Using a local nuisance for good, artists turn the din of cars into a set of arches that illuminate based on the volume of the highway above them.

Karen Summerson
Karen Summerson on October 12, 2012. @KJSummerson

Public art installations are popping up throughout New York City, one of the latest being planned beneath the Gowanus Expressway at Hamilton Ave. in Red Hook, Brooklyn. The Artist Build Collaborative, based in the boro, is responding to the neighborhood’s complaints about the underpass. Not only is it one of the busiest and loudest areas in the neighborhood, but it’s also incredibly dark and dangerous to pass underneath.

Valeria Bianco, creative director of the collaborative shared their experiences:

We noticed that while we were walking, we were barely able to talk to each other and it was really, really dark. So we got this really simple idea that we wanted to create something out of the negative and turn it into positive, and we found out this is positive.

The project, Silent Lights, consists of six colored rectangular gates made from steel and aluminum.

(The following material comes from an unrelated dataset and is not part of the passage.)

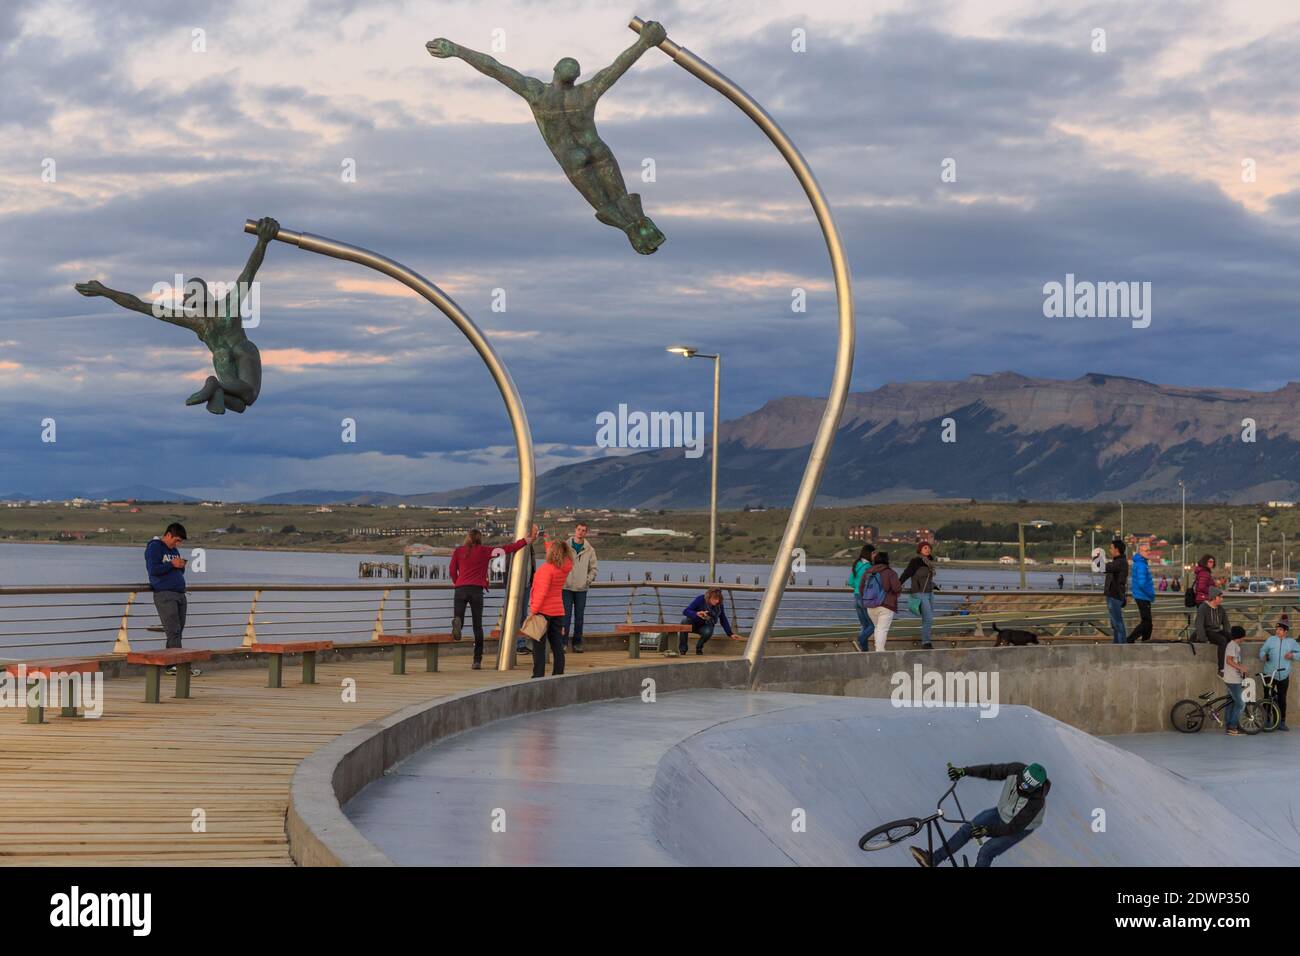 Parc de skate et monument au vent (monumento al viento) dans la ville de Puerto Natales, Patagonie, Chili Banque D'Images

The metal is perforated, so sun can stream through during the day. At night, the LED lights pulsate in waves, translating the sounds of traffic into bursts of color. The intensity of the color also increases as the sounds heighten.

It will cost a total of $50,000 and be on display between 11 months and 2 years, depending on the discretion of the DOT. Over half of the funds have been donated and raised already, and the collaborative is continuing to raise money.